Salman’s state of health is cause for concern, which is why the power he has given his son is more significant than other appointments announced. Aged 79, Salman is known to have Alzheimers, but the exact state of his dementia is a source of speculation. He is known to have held cogent conversations as recently as last October. But he can also forget what he said minutes ago, or faces he has known all his life, according to other witnesses.

Even before the Sudairis made their move, a power struggle within the House of Saud was apparent. Early on Thursday evening, rumors on Twitter that the king was dead flooded the Internet, which is the primary source of political information in the kingdom. There were official denials, when a Saudi journalist on al Watan newspaper tweeted the information.
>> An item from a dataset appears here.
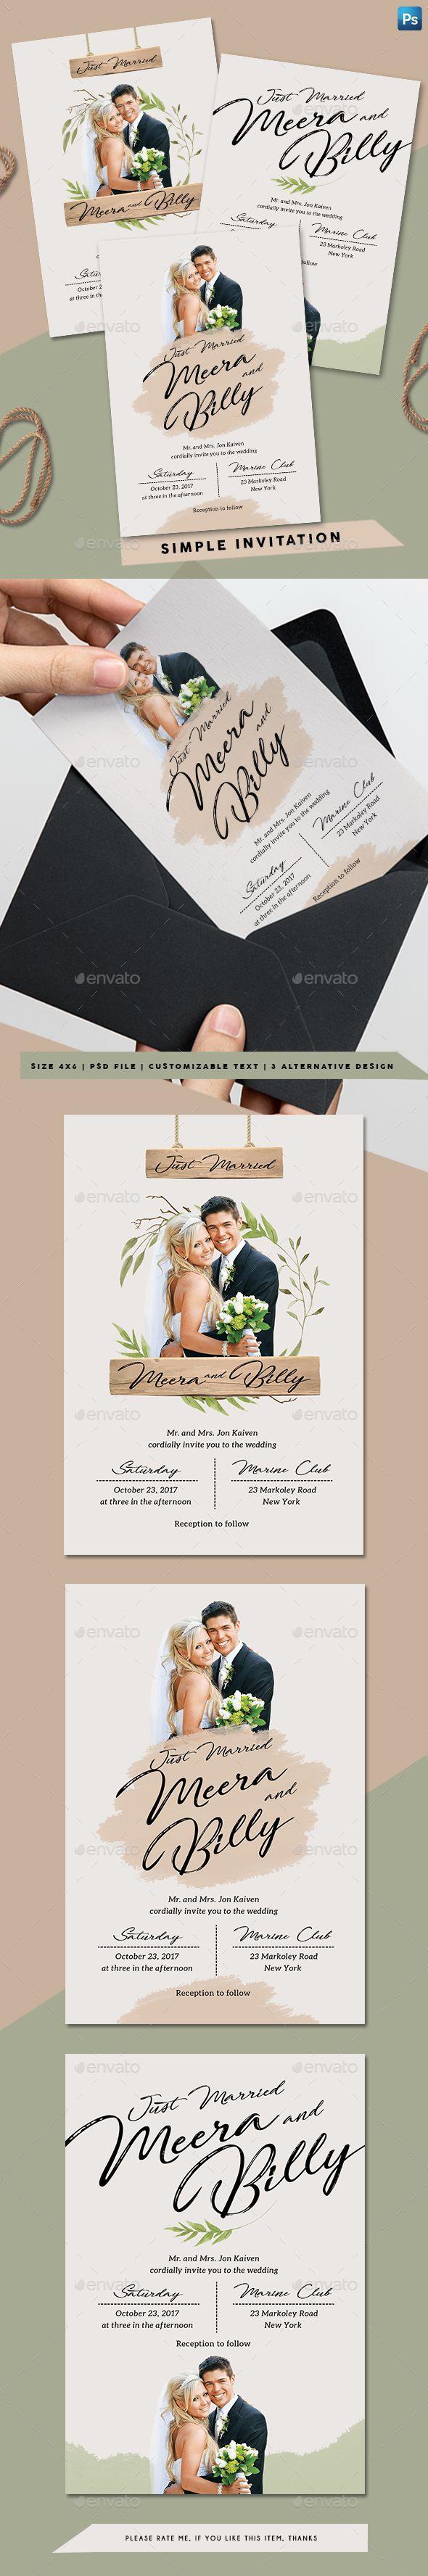 Simple invitation photoshop psd 4x6 just married available simple invitation photoshop psd 4x6 just married available here httpsgraphicriveritemsimple invitation20547229refpxcr maxwellsz

Power struggle may arise in Saudi Arabia after Mohammad bin Salman’s promotion

The elevation of Saudi Arabia’s deputy crown prince Mohammad bin Salman to crown prince, a position that places the 31 year old next in line to the throne, could be met with resistance at home.

Announced by a royal decree published by state news agency SPA on Wednesday, bin Salman’s promotion comes at the expense of 57 year-old crown prince and interior minister Muhammad bin Nayef, who has been relieved of all positions, SPA said.

A potentially violent power struggle in the future cannot be ruled out as it’s not clear whether bin Nayef will go quietly, Peter Sluglett, visiting research professor at the Middle East Institute of the National University of Singapore, told CNBC on Wednesday.


Alwaleed Bin Talal’s arrest seen as part of a Saudi Arabian power struggle

Saudi authorities detained a billionaire global investor and the head of the National Guard as part of an anti-corruption purge that consolidates Crown Prince Mohammed bin Salman’s hold on power.

Prince Alwaleed bin Talal, who owns investment firm Kingdom Holding 4280.SE, was among 11 princes, four ministers and tens of former ministers detained, two senior Saudi officials told Reuters on Sunday. Analysts said the goal of the purge went beyond corruption and aimed to remove potential opposition to Prince Mohammed as he pushes an ambitious and controversial reform agenda.

An economist at a big Gulf bank, who declined to be named because of political sensitivities, said nobody in Saudi Arabia believed corruption was at the root of the purge. “It’s about consolidating power and frustration that reforms haven’t been happening fast enough,” the economist said.


There may be a ‘Game of Thrones’ in Saudi Arabia now and that has big implications for oil

The so-called corruption crackdown in Saudi Arabia over the weekend may be the beginning of a bigger power struggle by the heir apparent to the throne which destabilizes the region for a time and keeps oil prices elevated.

Following the creation of an anti-corruption committee by current King Salman, security forces Saturday swept up 11 princes, including well-known billionaire invest Prince Alwaleed bin Talal, and four ministers, including the one in charge of the National Guard, according to various reports. A number of former ministers were also arrested.

Crown Prince Mohammad Bin Salman — the 32-year-old known as “MBS” who will take over when King Salman, 81, abdicates the throne later this year or early next — is seen by analysts as the man behind those moves in an effort to consolidate power to his family and its allies before he takes the throne.